▶ **Exercise aim**:
The reply should hold only the lines from the one with "De voordeligste woonwinkel" to the one with "Đầu Dune HD", both ends kept, exactly as they appear below, without any pictures.

▶ **Given records**:
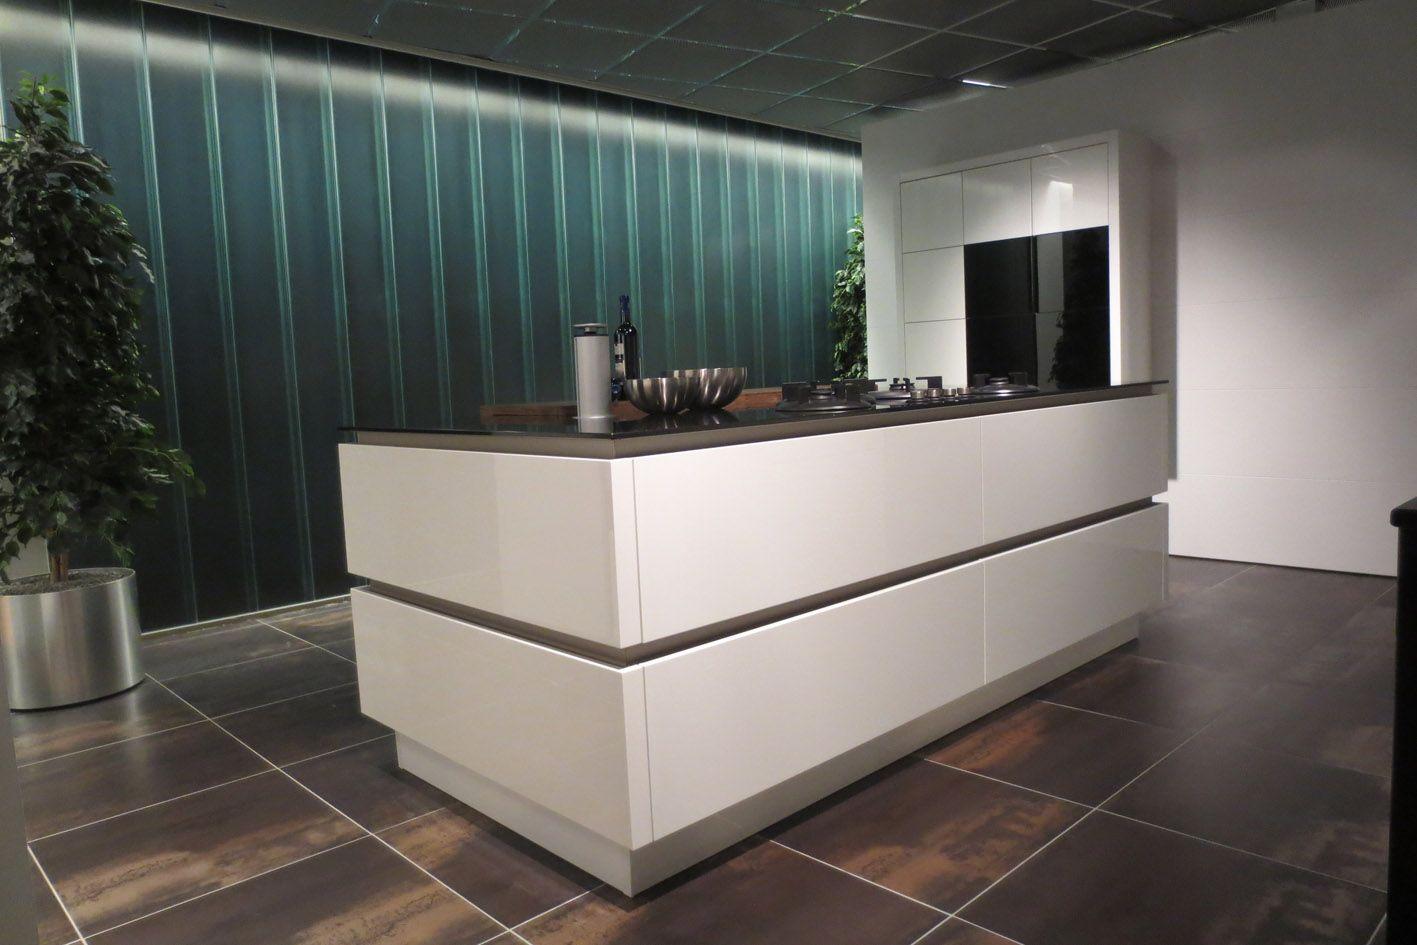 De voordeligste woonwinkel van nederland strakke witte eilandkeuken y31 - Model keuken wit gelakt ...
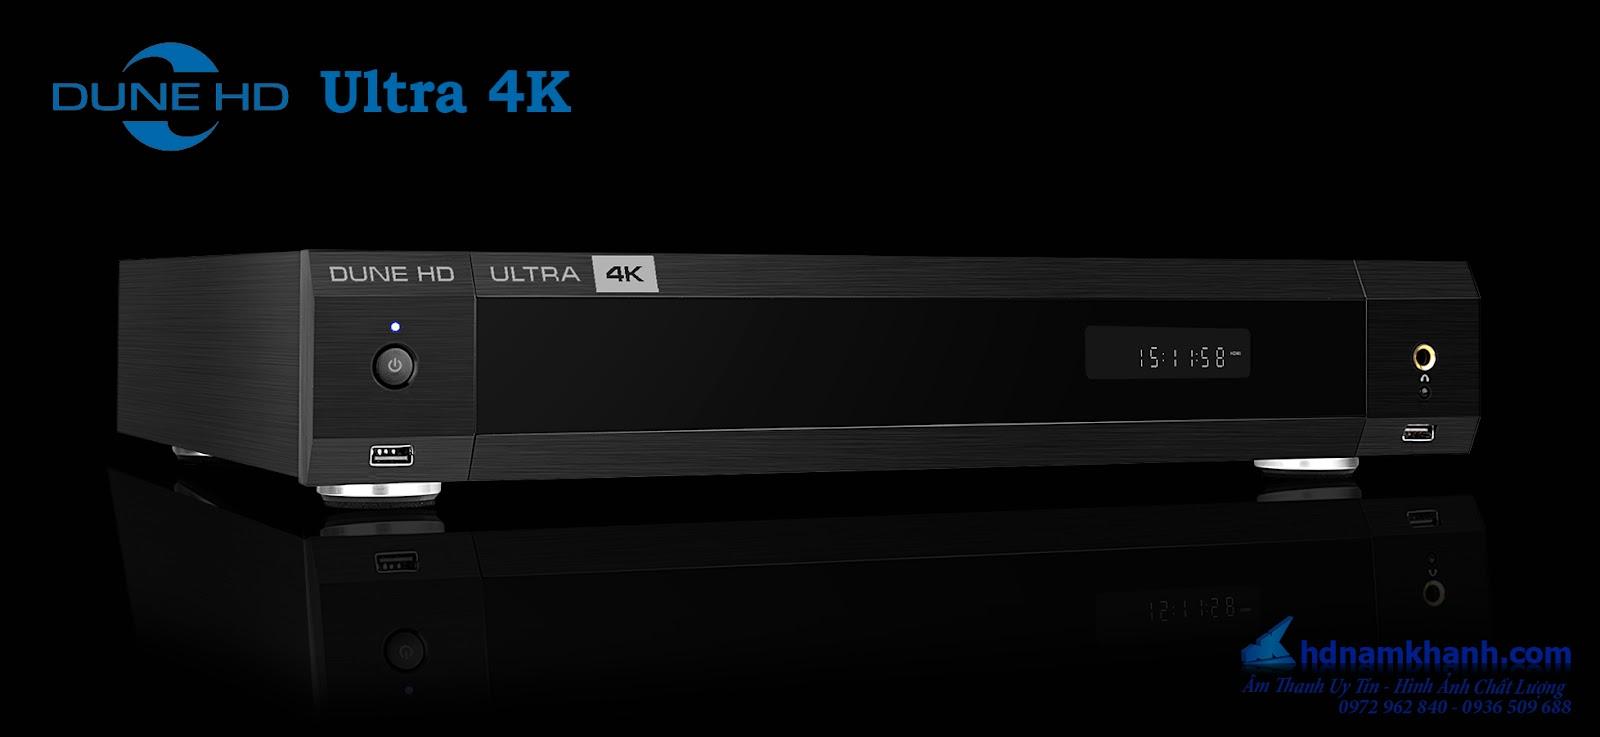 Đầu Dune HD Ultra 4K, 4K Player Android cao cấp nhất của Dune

---

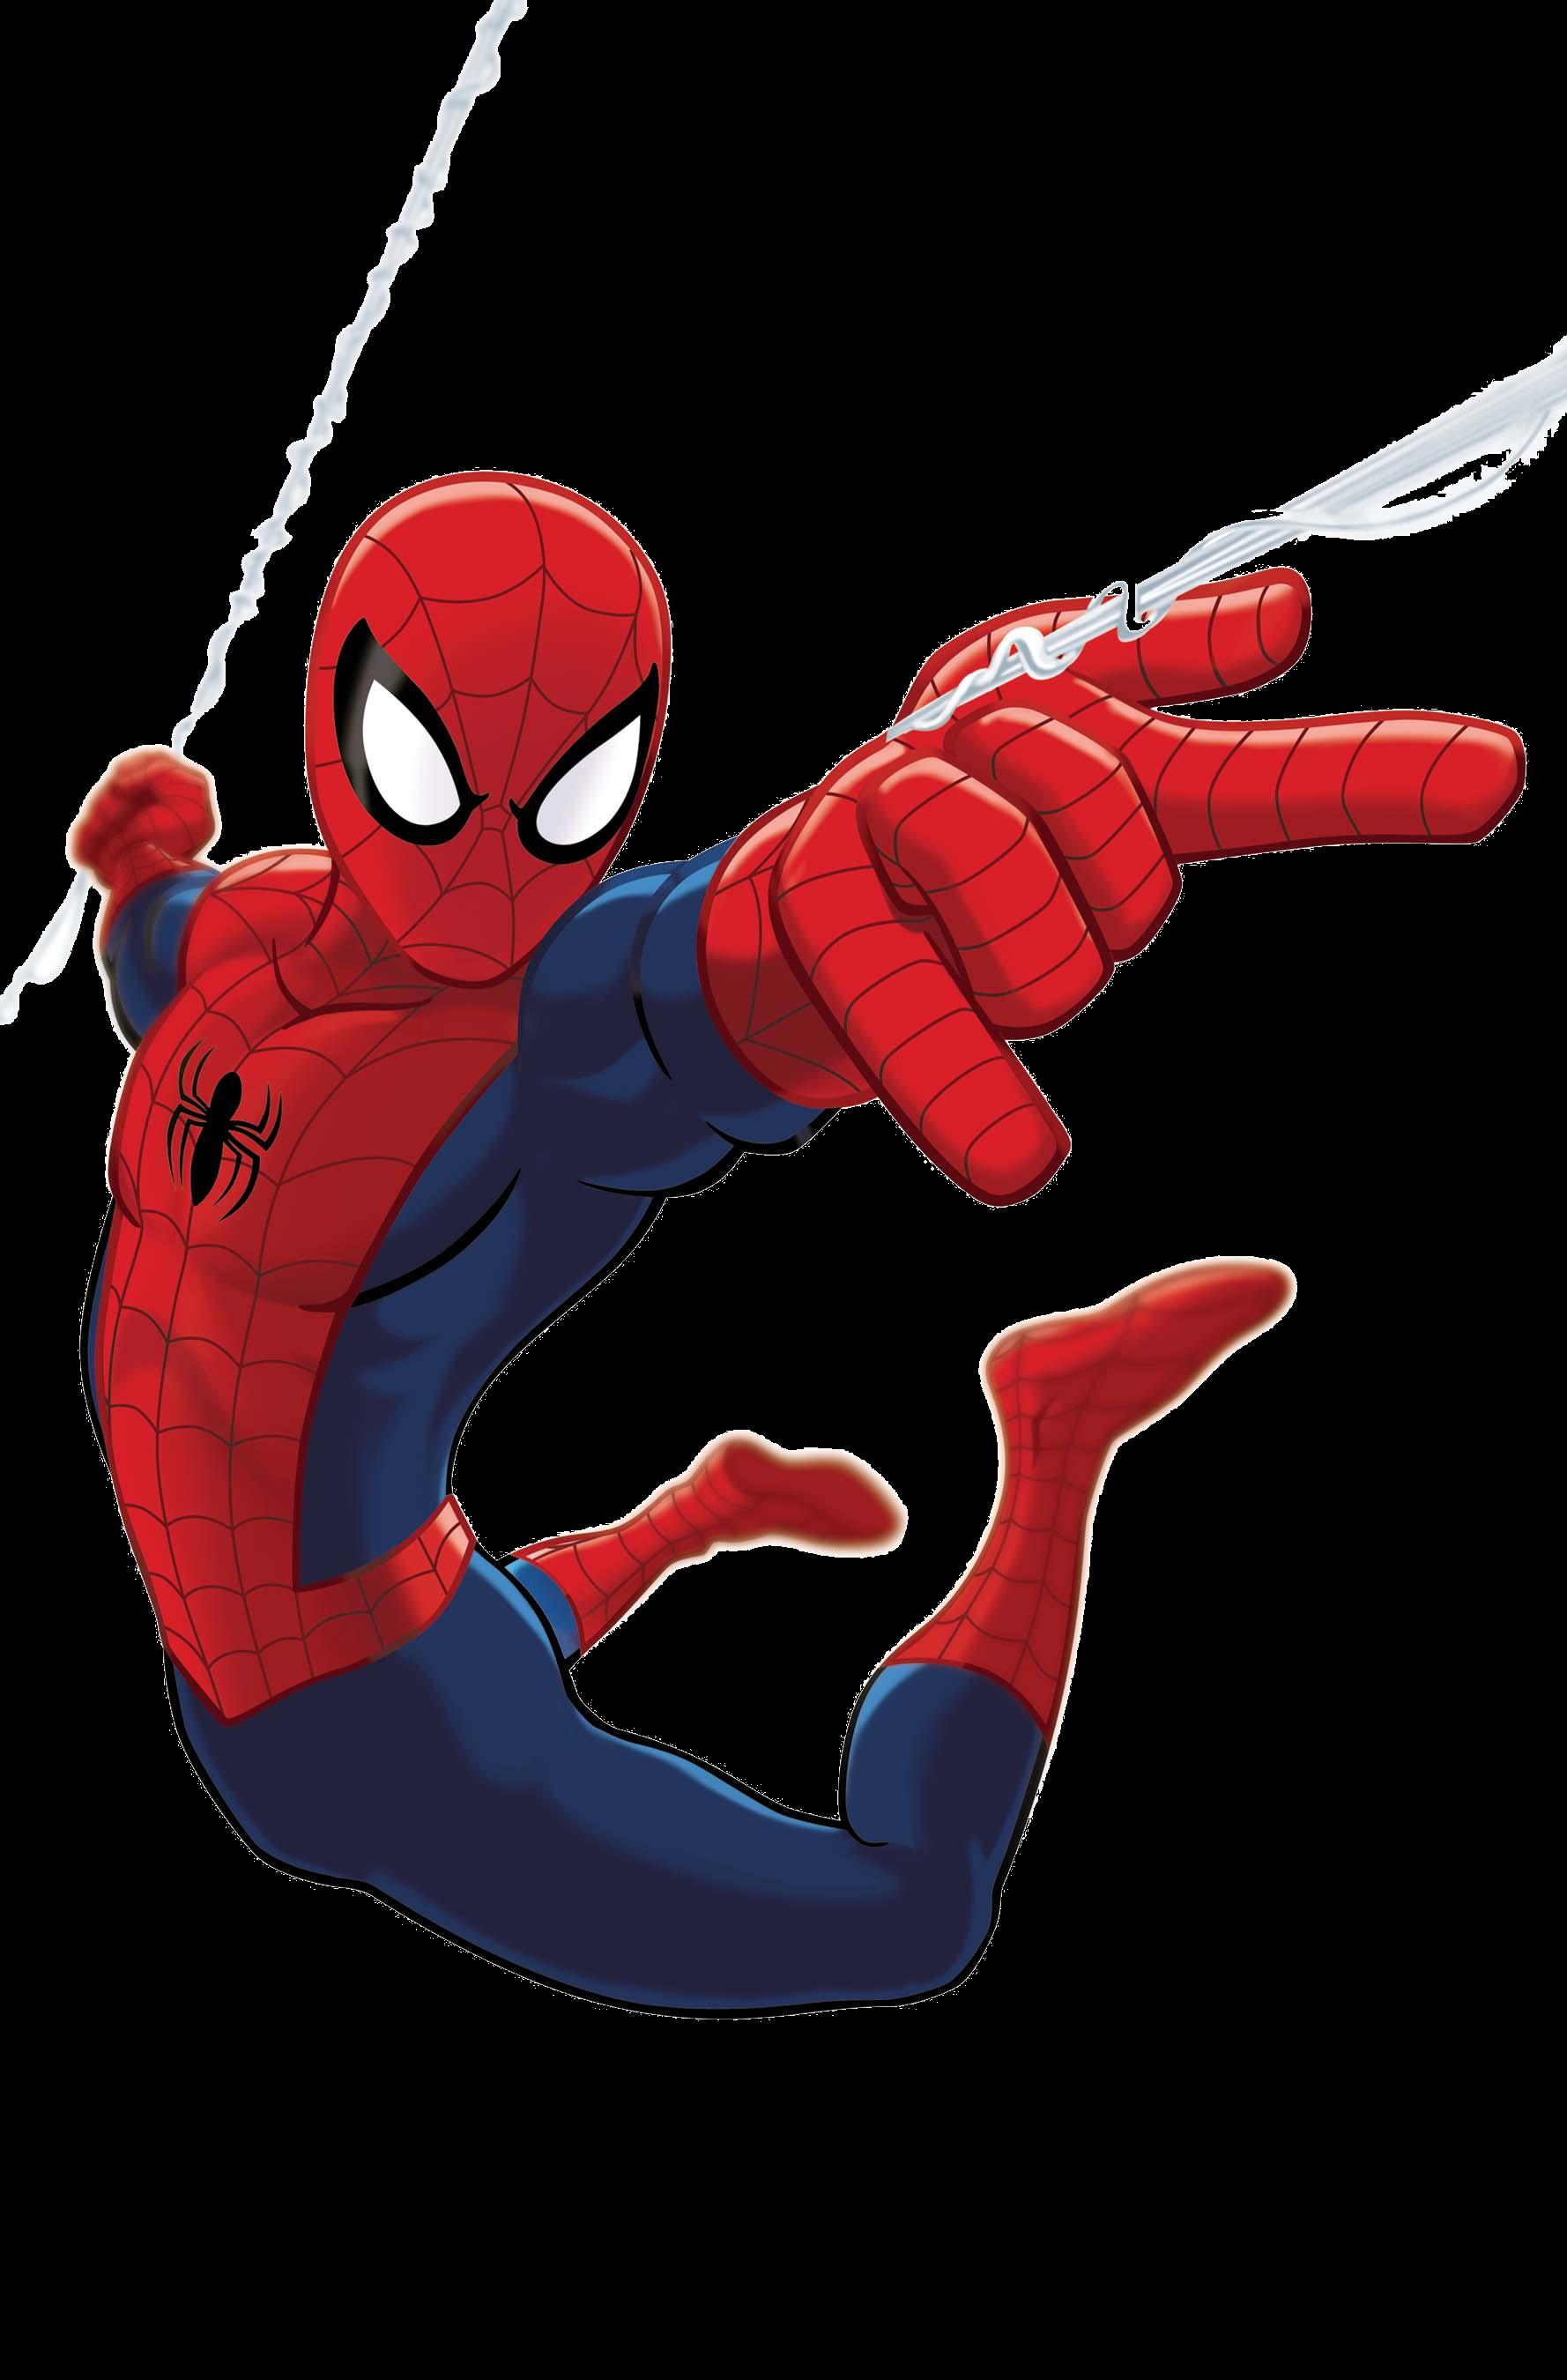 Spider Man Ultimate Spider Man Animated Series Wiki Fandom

---

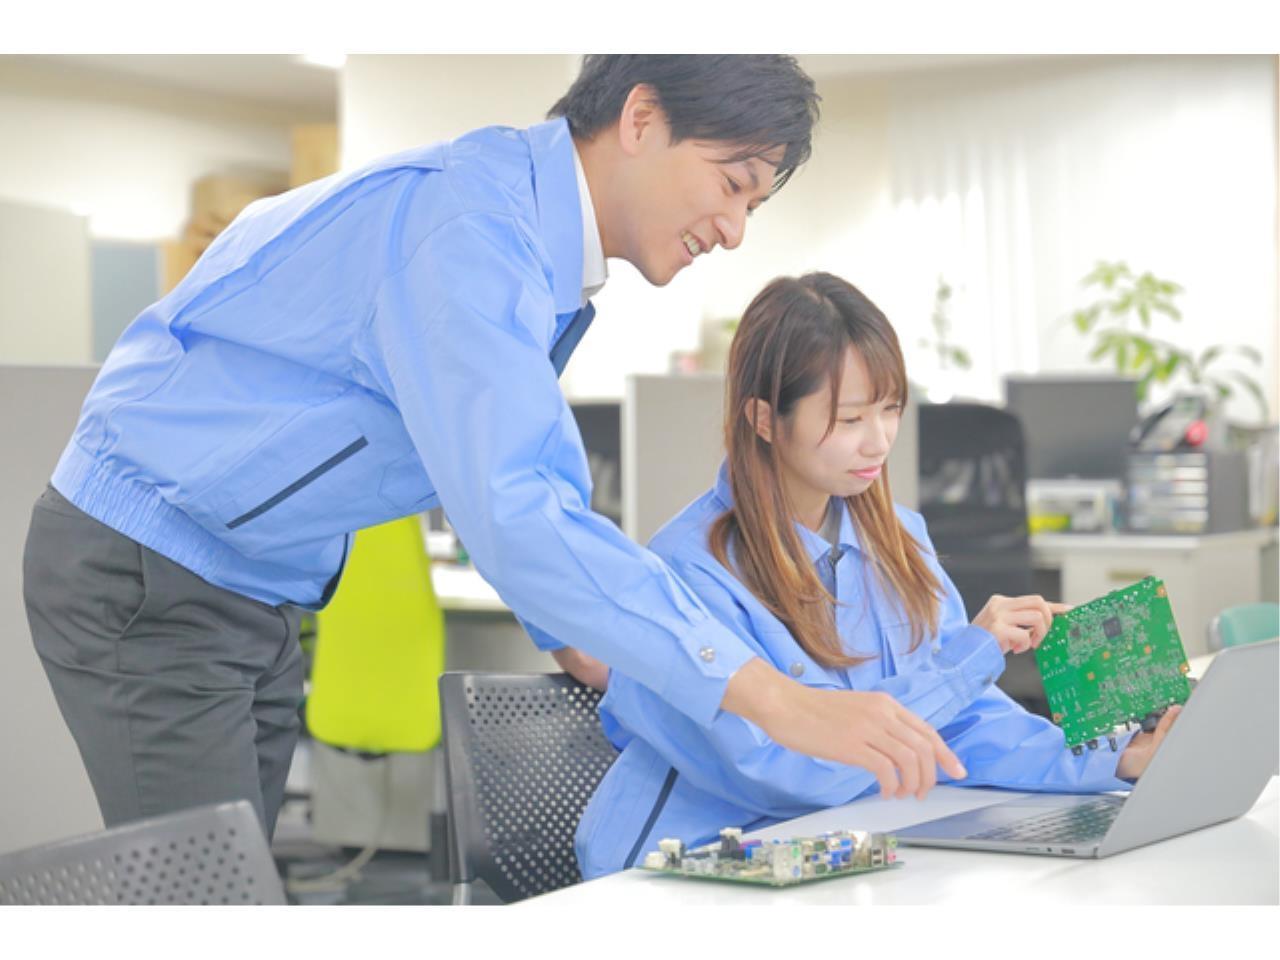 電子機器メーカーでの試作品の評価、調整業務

▶ **Answer for this exercise**:
 De voordeligste woonwinkel van nederland strakke witte eilandkeuken y31 - Model keuken wit gelakt ...
 Đầu Dune HD Ultra 4K, 4K Player Android cao cấp nhất của Dune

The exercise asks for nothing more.